Her face became a riddle then, and she knew it, and seemed to like it that way.

“Maybe he didn’t do either,” I said. “Walk or run.”

She burst out laughing. “Well, he didn’t fly!”

I realized then how much more I liked her when she laughed. I never got to see anyone laugh any more, only hear it, and not very often, only when I was lucky. After three days this was the first time she’d laughed, too, but it didn’t seem likely to happen again any time soon. I remembered school, and how it could be bad enough at the start of the year, and she was getting here toward the end of a school year, and that couldn’t have been easy.

So I told her maybe she wouldn’t have to go to the new school if she didn’t want to, that I had a governess who came most days and, if Roni wanted, she could listen at the window. The idea met with instant disdain — not because it was a bad idea, just that the offer was meaningless.

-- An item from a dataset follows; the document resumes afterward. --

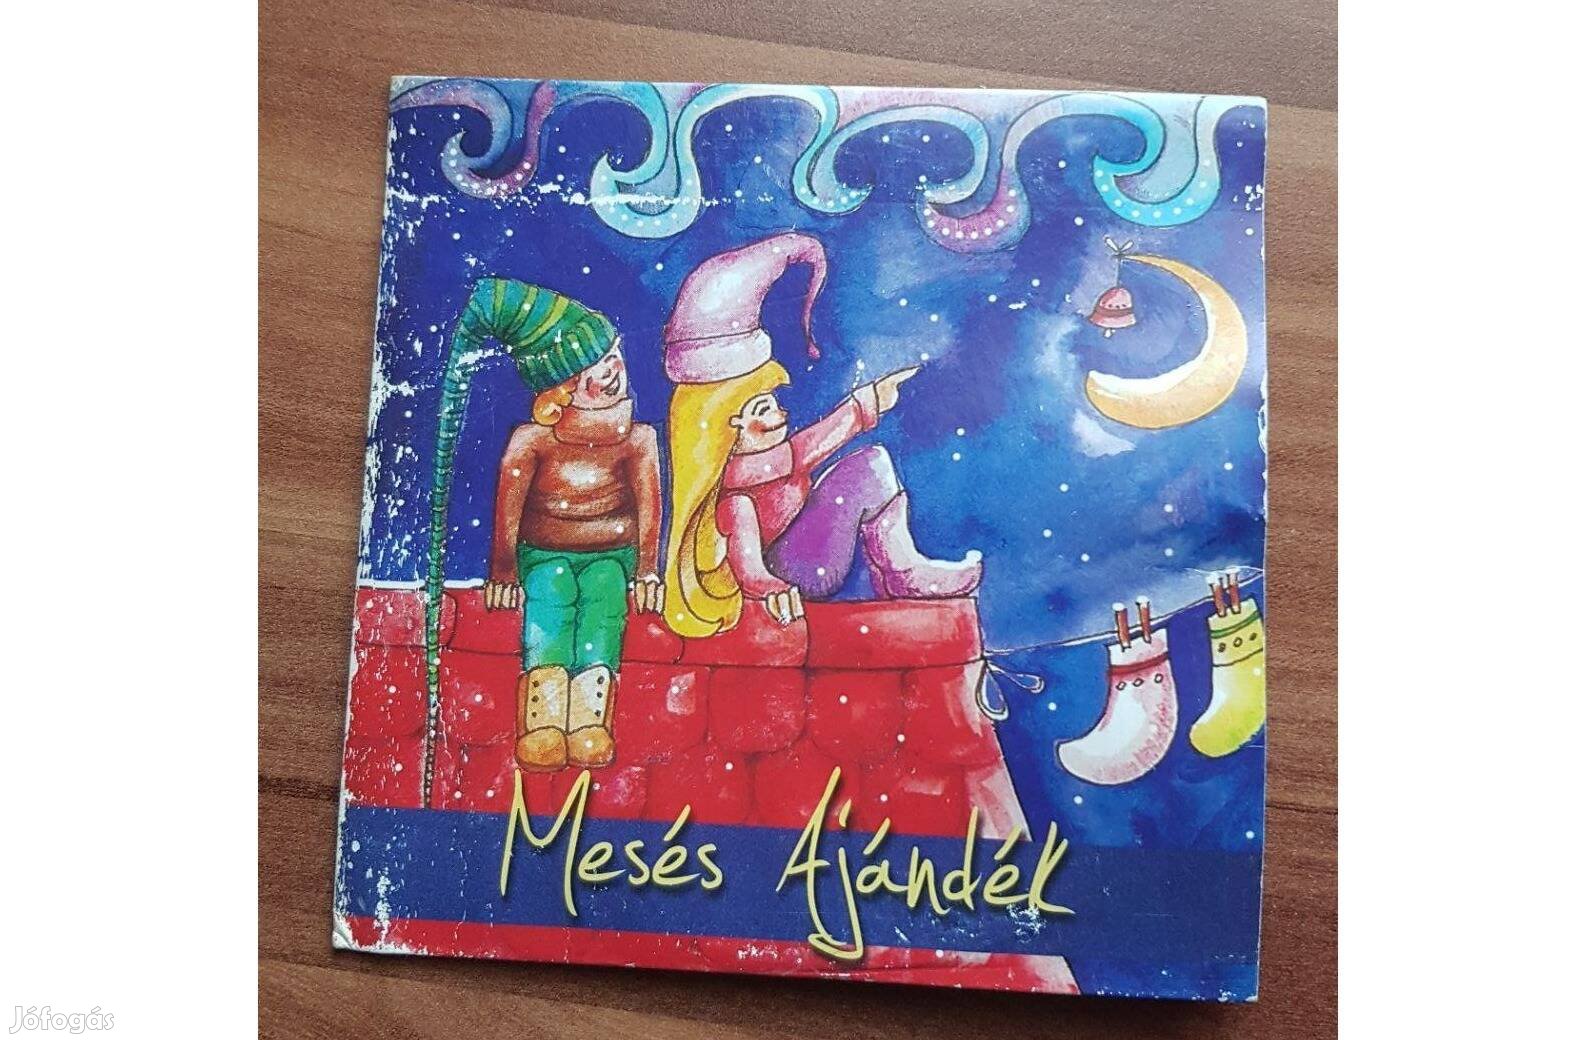 Mesés Ajándék - Mese cd

“What’s she going to teach you that I don’t already know?”

* * *

I began to wish the spring away…that summer would hurry up and arrive, so the schools would lock their doors and I wouldn’t have to wait for late afternoons. While the waiting didn’t get any easier, at least as spring went on the days got longer, with more light filling the space between the houses. Even though we could lean in the windows and talk to each other any time of the night, it was better when I could see her, because otherwise she wouldn’t seem as real. She’d tell me what they trying to teach her at school, and I’d tell her what the governess was trying to teach me, and there didn’t ever seem to be much in common, and eventually I realized something was missing.

“What about art class?” I asked. “Don’t you ever go to art?”

“Of course not. It’s middle school.”

The way she said this made it sound horrible.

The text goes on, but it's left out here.